1) HR Round: Pre-Screening.
2) 1-on-1 with Engineer Round: Open ended talk about current state of affairs in AI (Screening).
3) PyTorch Coding live Round: Implement Multi Headed Self Attention, from scratch (batched etc) + Causal Mask.
4) Personal project & Quiz Round: Present a Personal Project (or Personal Research) + Quiz on LLMs fundamentals and Scaling.
5) Pair Programming Round: Co-operate with one of their engineers to solve a bug.
6) Cultural Fit Round.
TL;DR: Avoid if you value your time. The process dragged on for over a month with 5–6 rounds, no feedback between rounds (despite repeated requests), and ended with a silent rejection (no-reply server). This level of communication is unacceptable for such a lengthy process and such a small start-up who wants to be the AI leader in Europe (!).

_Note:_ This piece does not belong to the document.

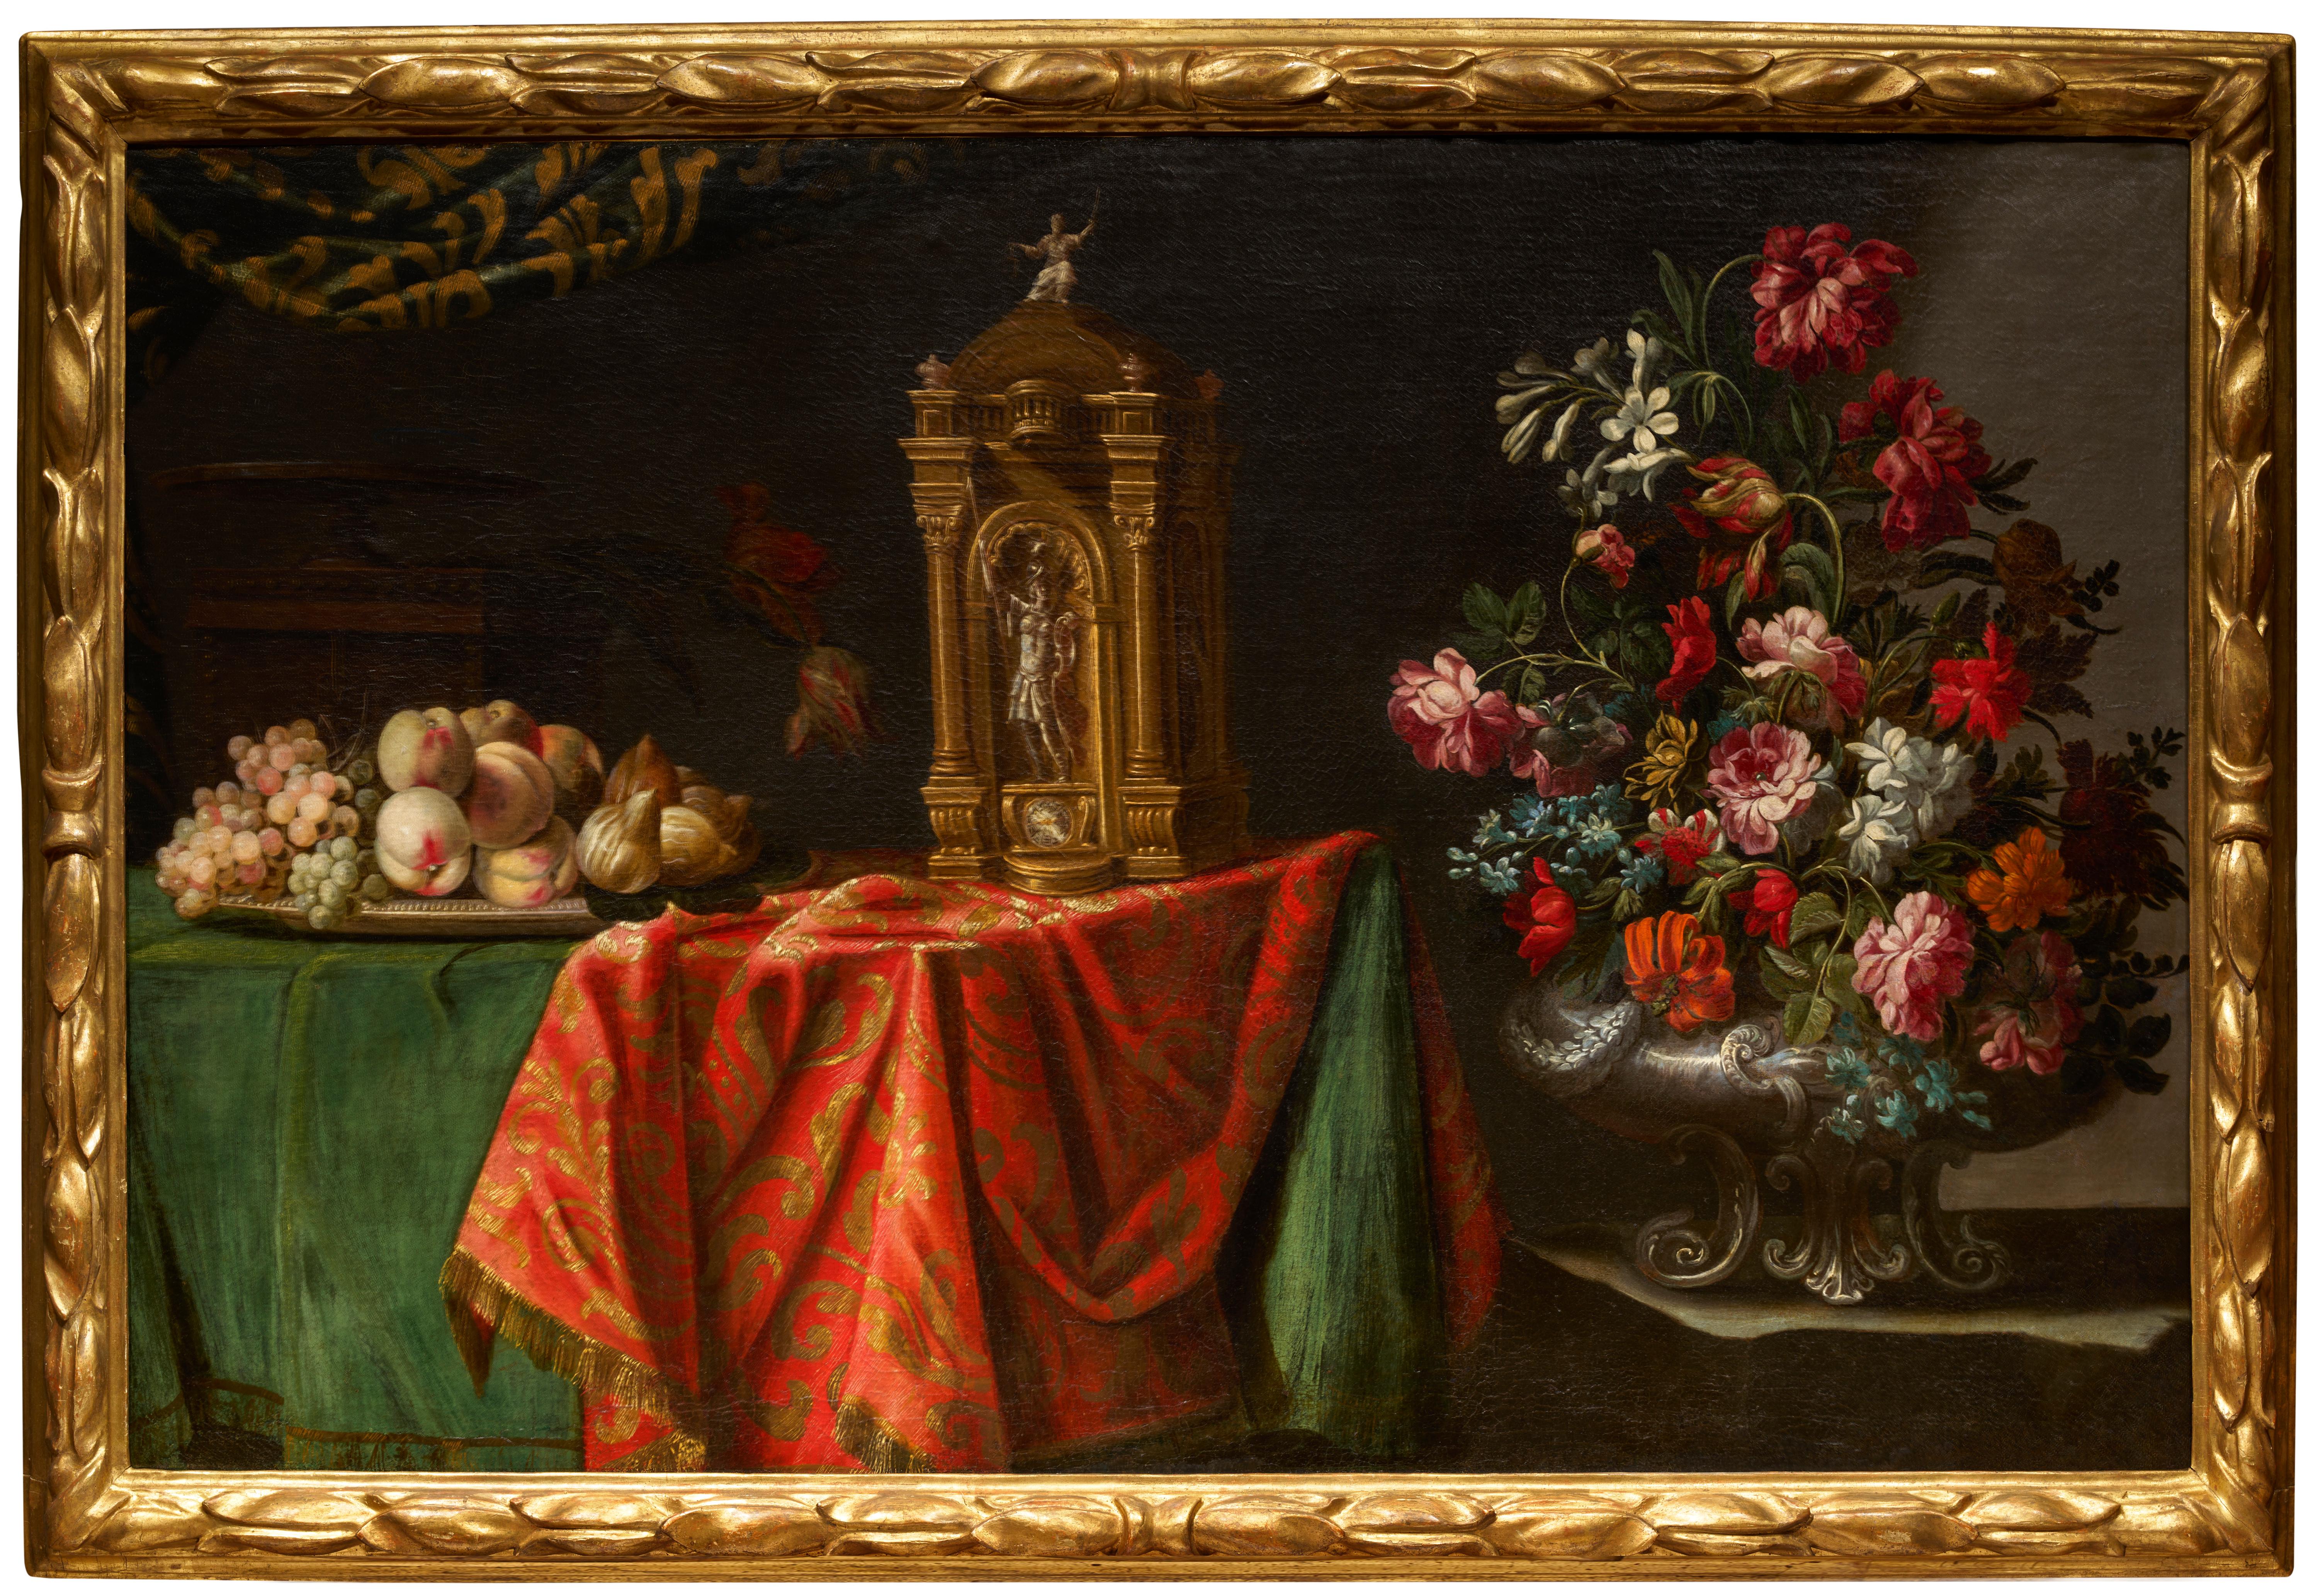 Baroque silver Vase with Flowers with a Fruit Tray and a Clock by A. Zuccati

Note to international applicants: Mistral is doing a lot of consultancy work, ie repurposing and retraining smaller LLMs (1-3B Params) for various downstream tasks e.g., for clients in automotive, finance etc. Be very cautious as there might be some hidden requirements for French fluency down the line to communicate with local clients, which might make it difficult to progress, career-wise.
Interview tips:
For the live coding round make sure you can implement efficiently from scratch (PyTorch only) all fundamental transformer modules (e.g., MHA, GQA, MQA, Self/Cross attention, LayerNorm, RmsNorm, FFNs, Positional Embeddings (rotary, learnt, static), Masking strategies, Mixture of Experts (MoE) etc with possible twists).
For the pair programming they asked to debug an issue with pre-norm in a transformer block with residuals (fairly straightforward).
For the Quiz round, focus on 'why'. You should be able to talk and reason about everything mentioned above and all of their variations, in depth. And, be able to provide geometric and algebraic explanations + intuitions (although the later might not be appreciated that much). Additionally, you need to know practicalities about training/inferencing LLMs in large scale, such as KV-caching, flash attention, pre-training, fine-tuning, alignment, RHLF etc. For the scaling part, read the blog post from Huggingface (The Ultra Scale Playbook), they will ask you 3-4 questions from there, about FSDP, Zero1/2/3 as well as tensor, pipeline and data parallelism, computation-communication overlap etc, make sure you understand these concepts very well.
Salary range in EUR: 75k-100k, based in Paris.